Getting provincial approvals to build new schools tends to take more time than school districts would like. In Langley, a new elementary school in northeast Latimer has been a high priority for the Langley School District since at least 2019. It was announced last May, and construction is supposed to start this spring. The school could accommodate 555 students starting in 2025, six years after it was first identified as a priority. The district had hoped, in 2019, that construction would start in 2021.

The delays matter. School districts in the Fraser Valley are now growing every year. Every September, more students arrive in schools in Langley, Abbotsford, and Chilliwack. Langley grew by 1,200 students last year.

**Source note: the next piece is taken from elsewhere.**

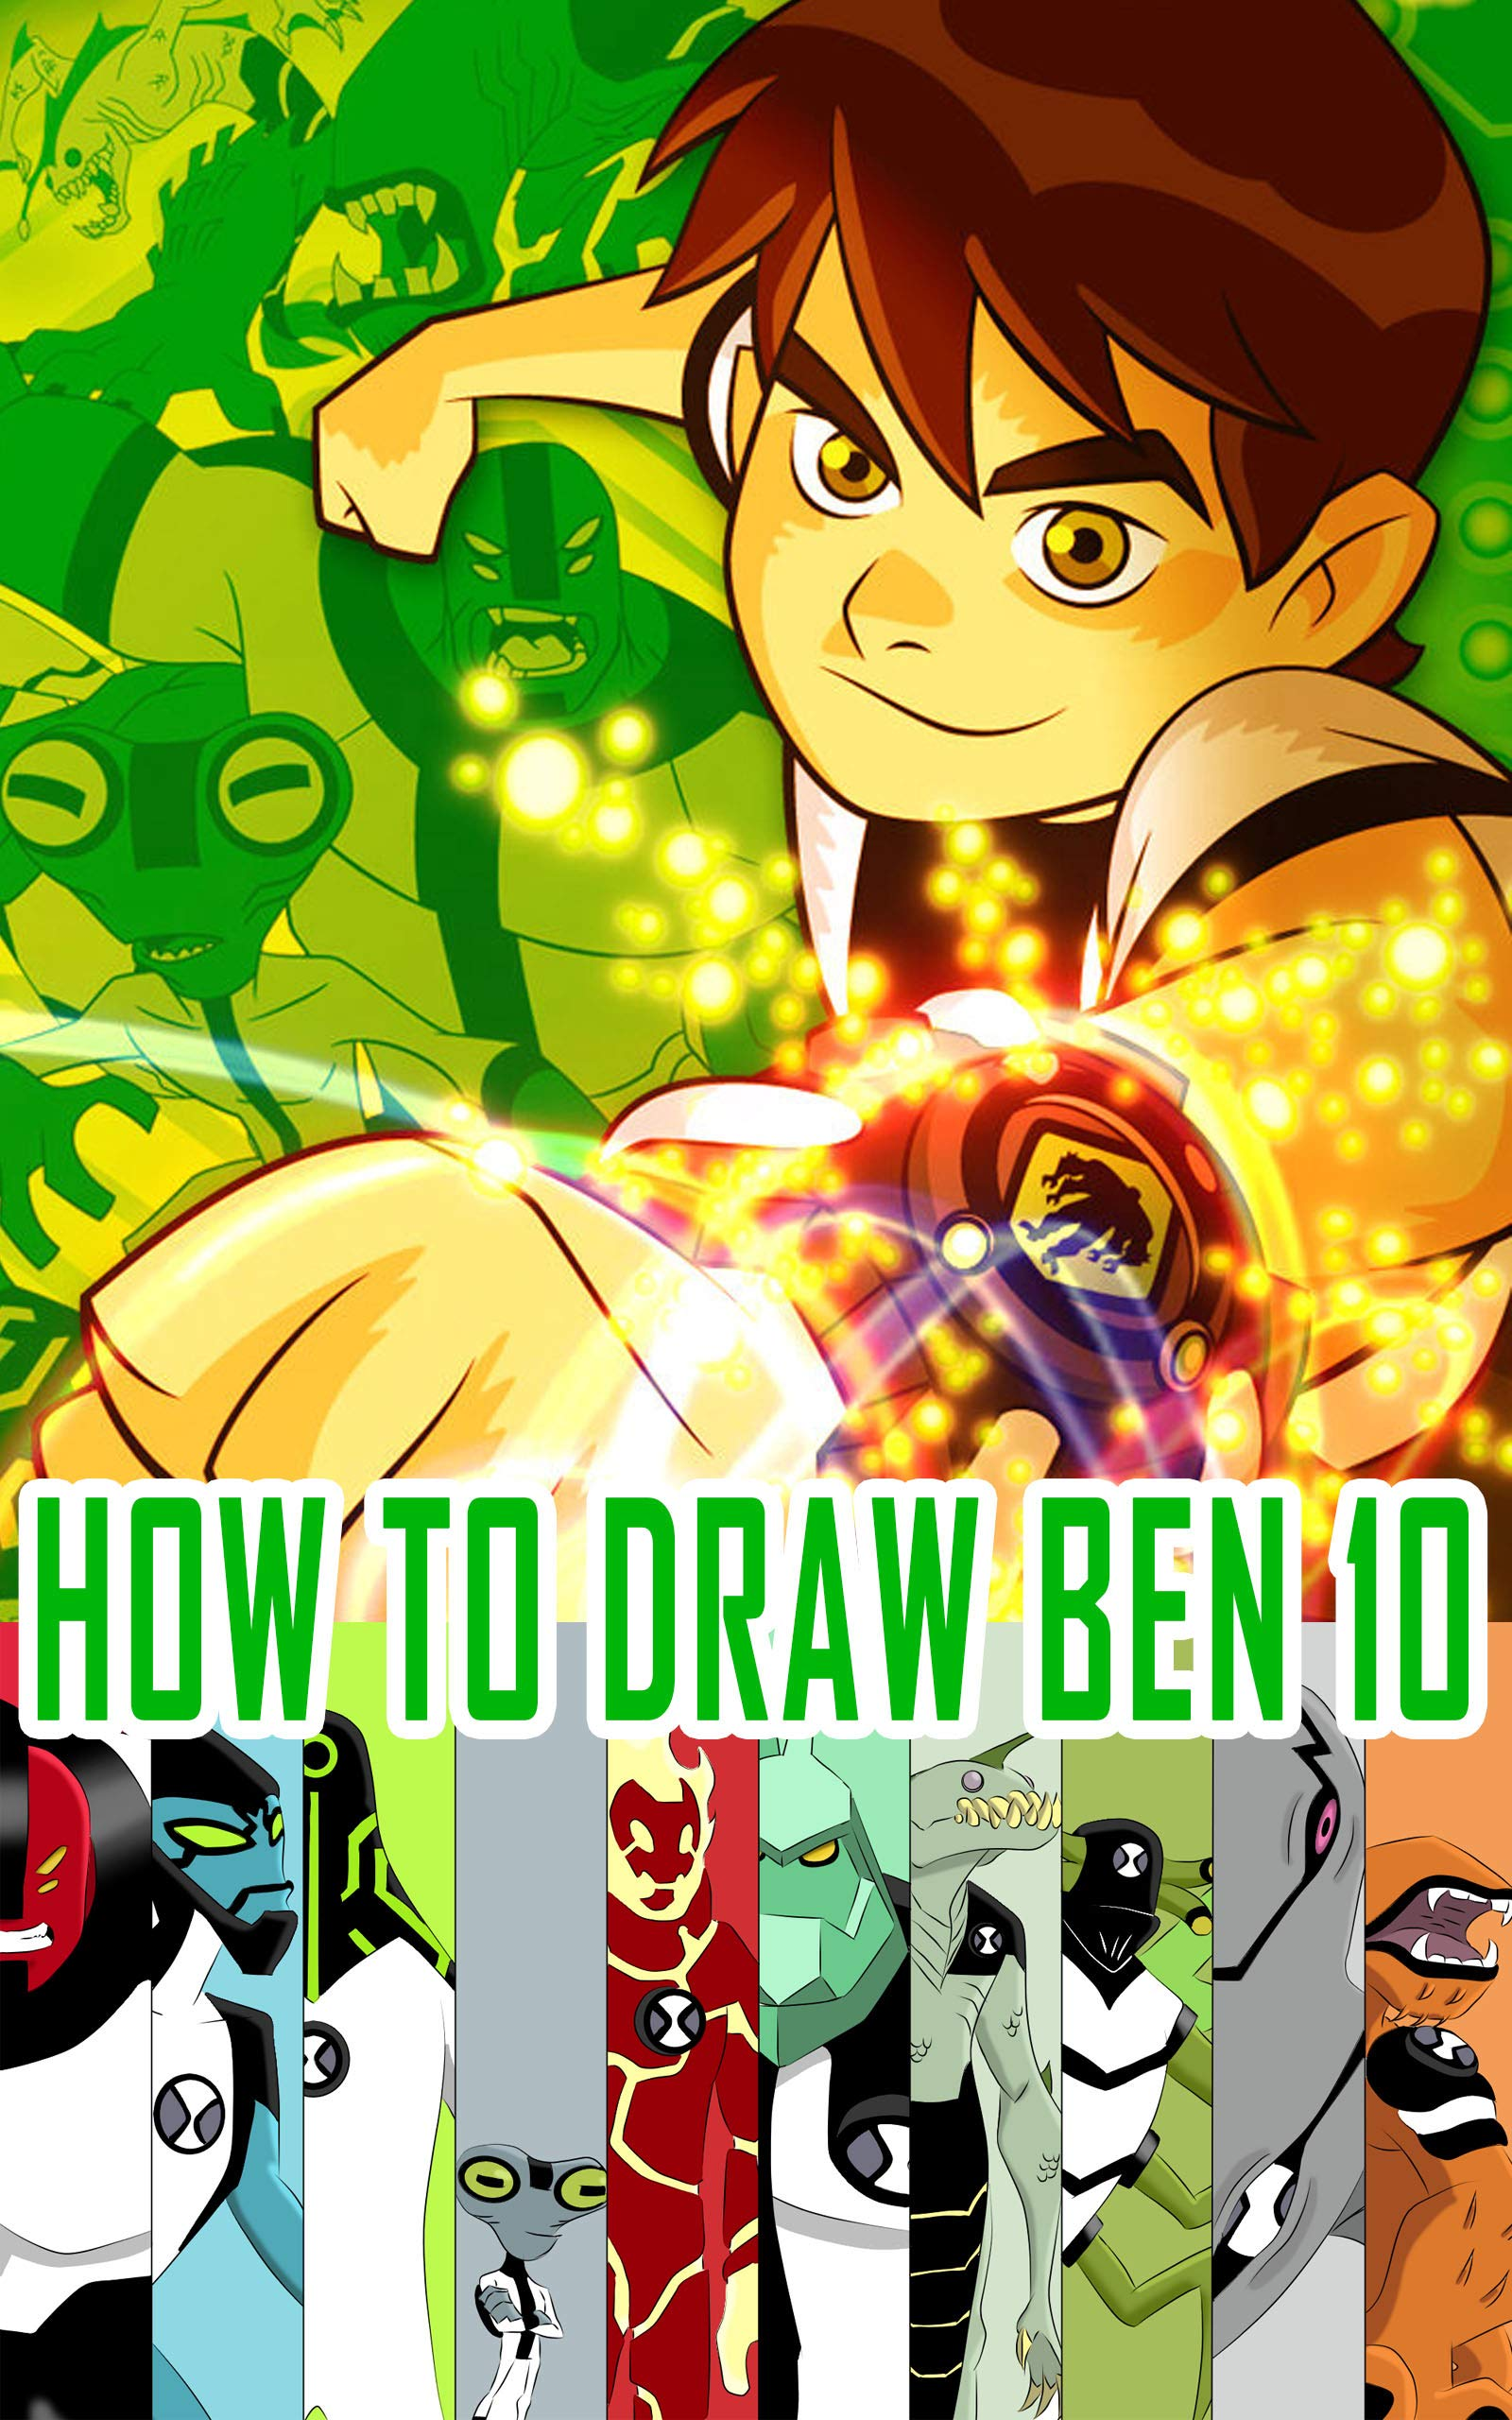 How To Draw Ben 10 Heatblast Ben 10 Cannonbolt Xlr8 Way Big Four Arms Feedback Stinkfly Humungousaur Diamondhead Drawing Ben 10 Most Wished Reminder33on

Chilliwack and Abbotsford both grew by about 400. The more time that elapses between a school district asking for a school and the province funding it, the more students will eventually have to fit in it.

While all three big districts in the Fraser Valley have and are building new schools and additions, none of the projects will have much, if any, space to spare for future student population growth once they’re completed. 

Shovels in the dirt

Once the dream of a new school clambers off the paper and into reality, construction usually still takes about two years to complete. But while planning and funding processes might not change anytime soon, the timeline of school construction might. 

On a standard construction site, schools are built board-by-board, wall-by-wall, and floor-by-floor. 

But the province is looking to speed that process up with prefabricated processes in some areas.

In prefabricated construction, a method used to quickly build all kinds of big things, components are constructed in factories first. Then, trucks arrive on site hauling chunks of buildings—from boardroom to bathroom to bedroom—ready to snap together like oversized Lego.

More permanent than portable classrooms, prefabricated additions were planned for school districts in Metro Vancouver and on Vancouver Island last November. The province said it has similar projects in the works for Langley and Surrey schools. In Langley specifically, prefabricated classroom additions will add 150 new seats—or approximately five to six new classrooms (depending on the age of the students). 

(For nearby examples of prefabricated buildings, see Trinity Western University’s student housing buildings, Skidmore Hall and Jacobsen Hall. This reporter has lived in both, and they can be pretty nice.)

Prefabricated additions aren’t the same as a portable classroom, though the name might call to mind prefabricated homes (or mobile homes) that can be moved from place to place. Modern prefab buildings are often permanent standardized structures that can be built in half the time (and for less money) than a regular school addition. The lifespan of each of these buildings is 30 to 50 years. The upper limit for a standard school is about 60 years. 

In Coquitlam, a school district that recently received provincial funding for a prefabricated addition at a middle school, school board chair Michael Thomas said the plan was part of the best practices of school-building. 

“We know this model works and we are confident this addition at Scott Creek Middle will serve students well for years to come,” he said in a press release

While provincial funding for new school construction still lags behind Fraser Valley school district’s plans for new classrooms, faster construction methods—if widely adopted—might get some classrooms built faster.